#### Raw data
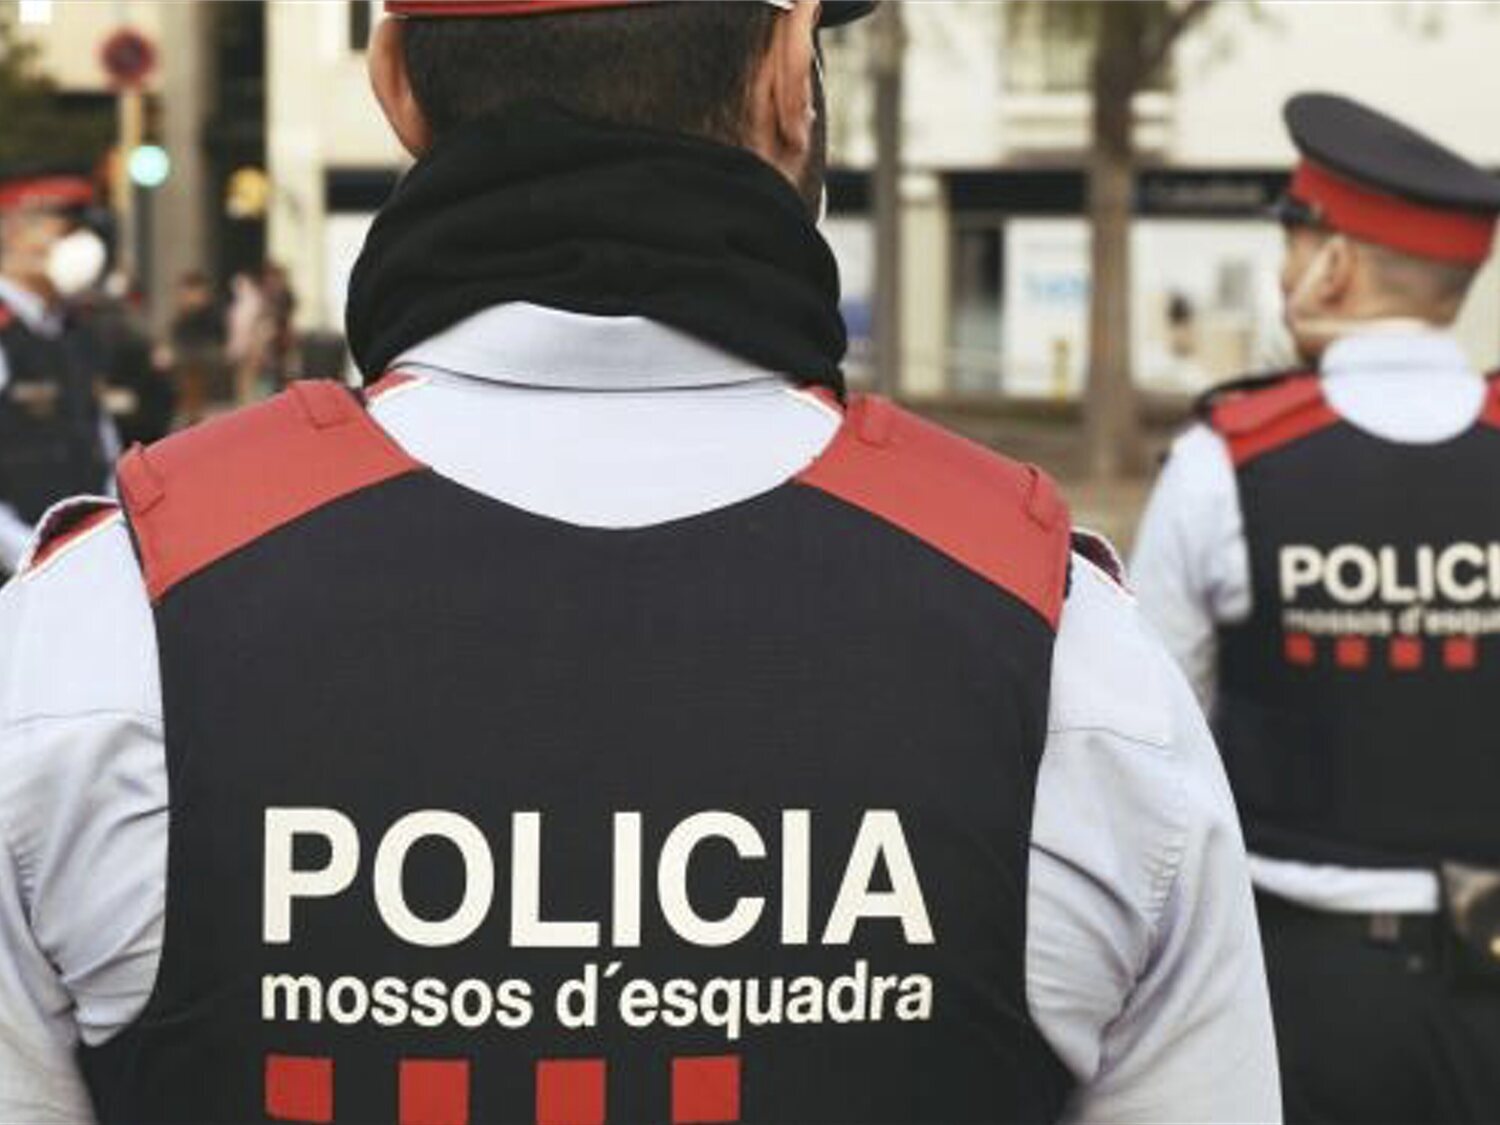 Cuatro individuos agreden sexualmente a una mujer en Mataró mientras paseaba su perro
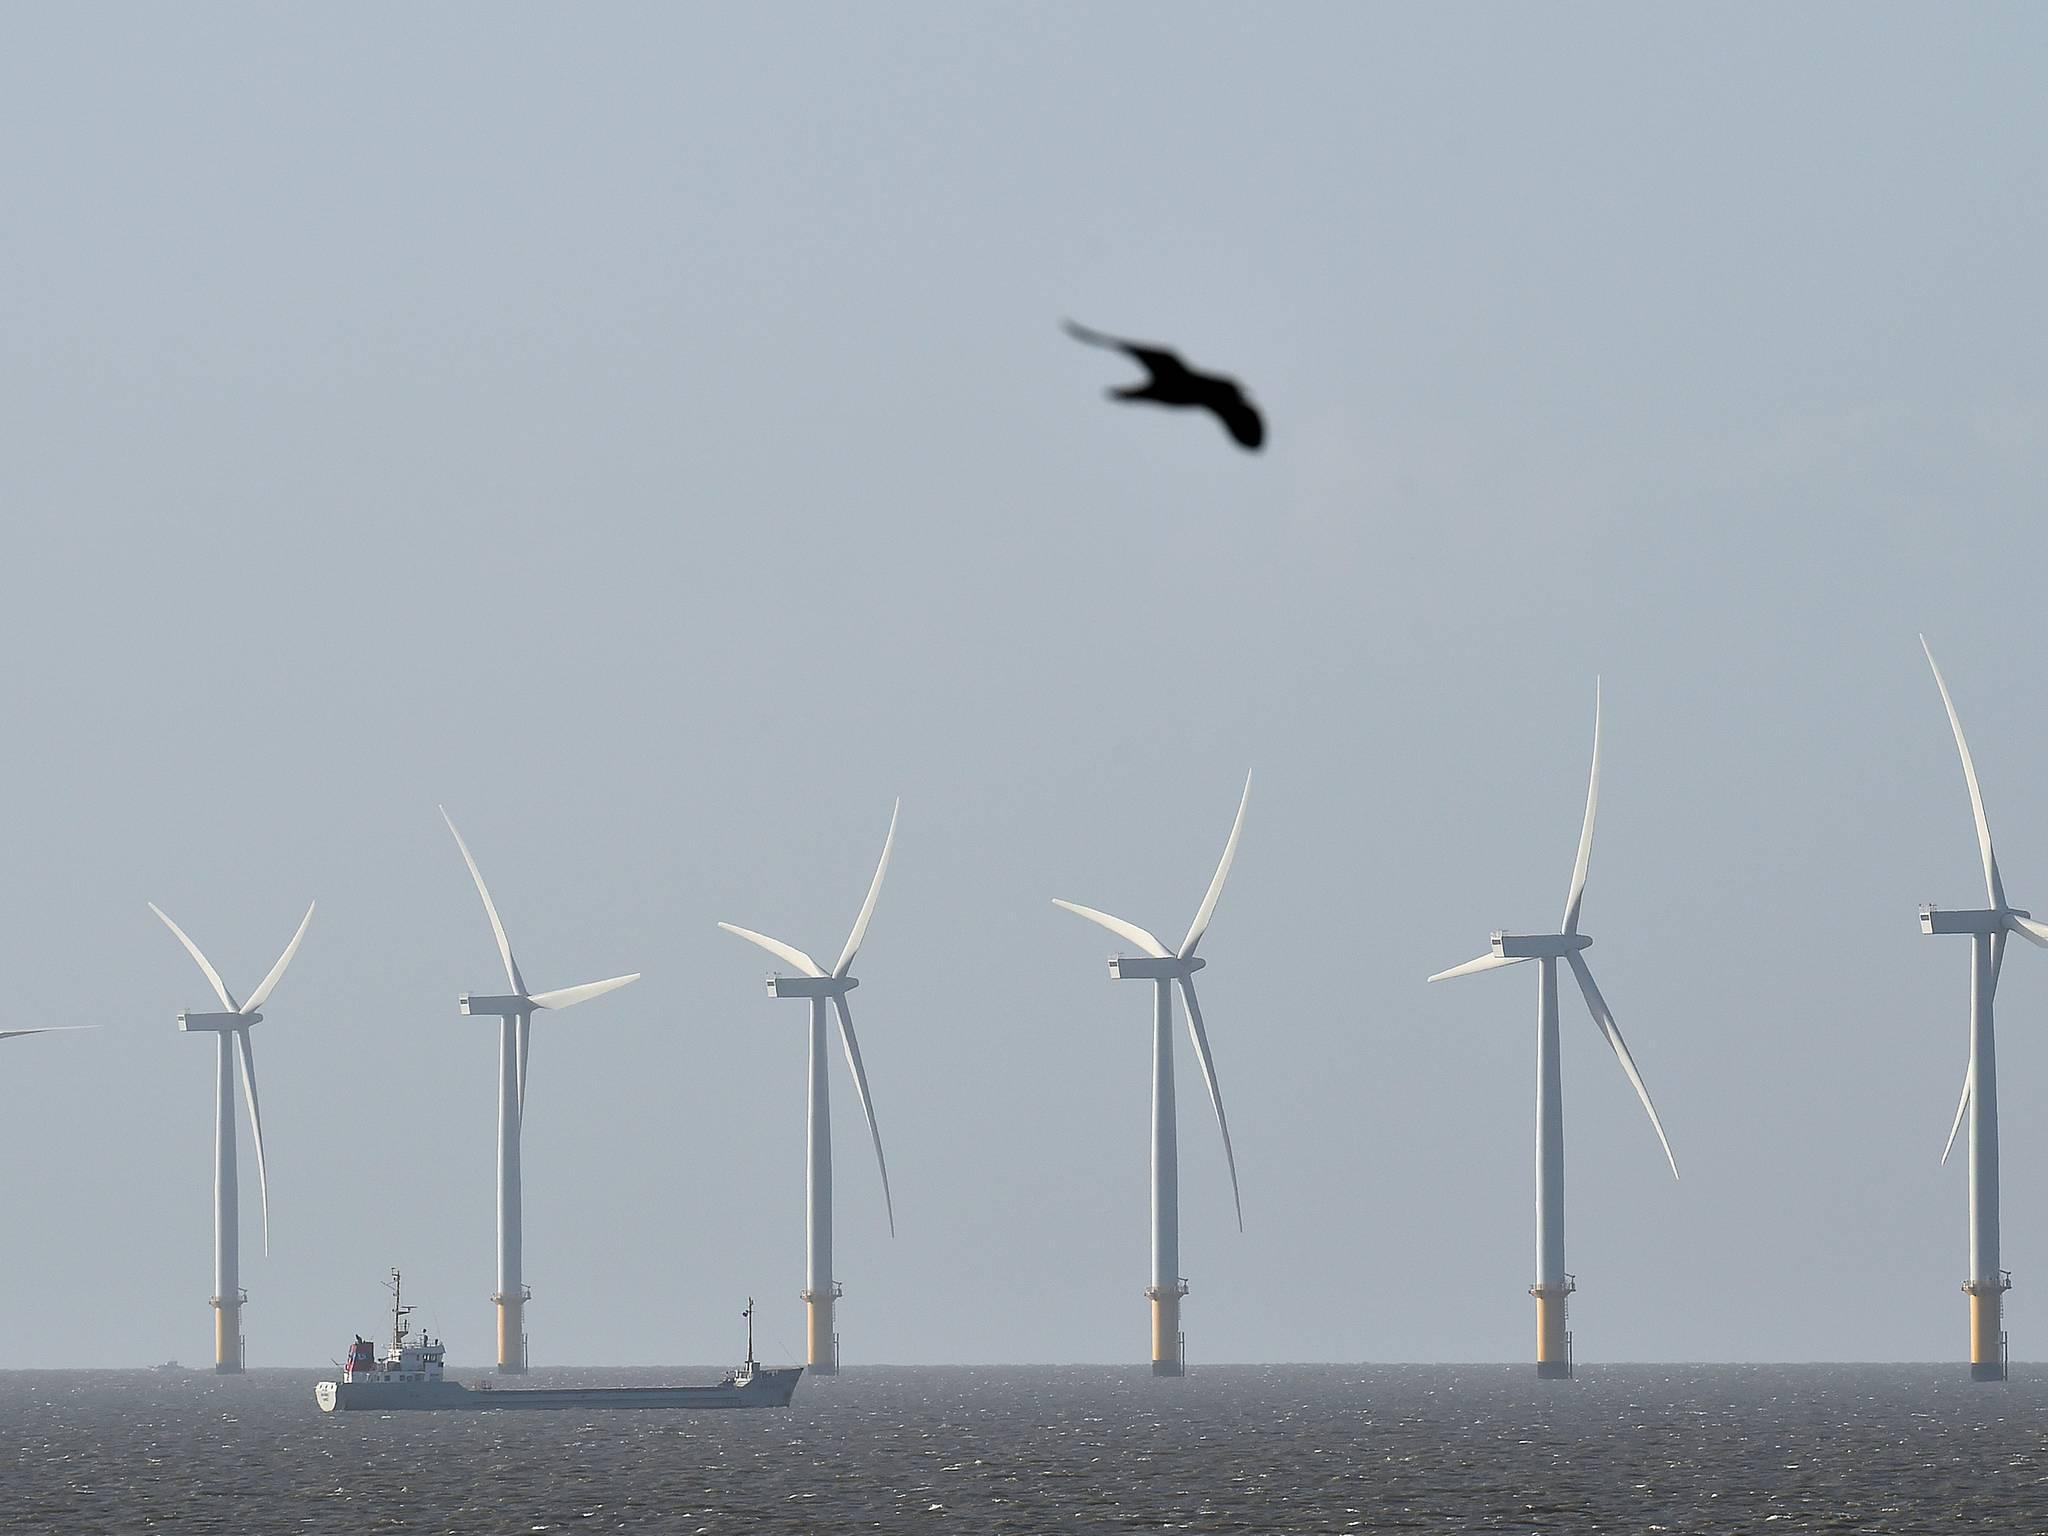 Denne offshore-vindparken i Den engelske kanal er en av mange vindparker som er dukket opp rundt den britiske kysten de siste årene.
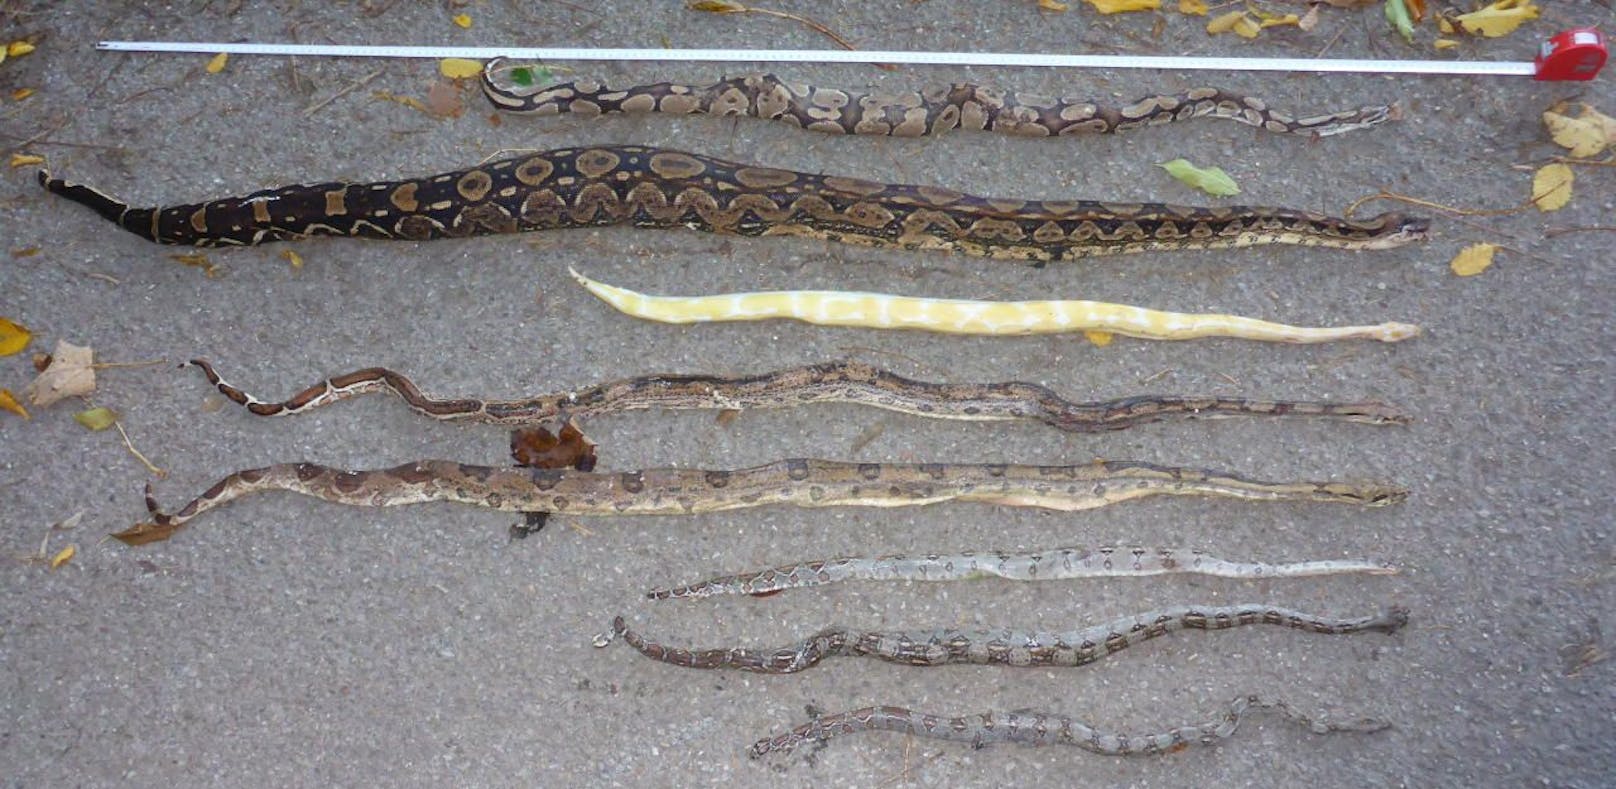 Die exotischen Schlangen wurden von ihrem Besitzer einfach im Wald zurückgelassen.

#### Exercise goal
Skip every picture, and give the rest of the material above again exactly.

#### Your response
 Cuatro individuos agreden sexualmente a una mujer en Mataró mientras paseaba su perro
 Denne offshore-vindparken i Den engelske kanal er en av mange vindparker som er dukket opp rundt den britiske kysten de siste årene.
 Die exotischen Schlangen wurden von ihrem Besitzer einfach im Wald zurückgelassen.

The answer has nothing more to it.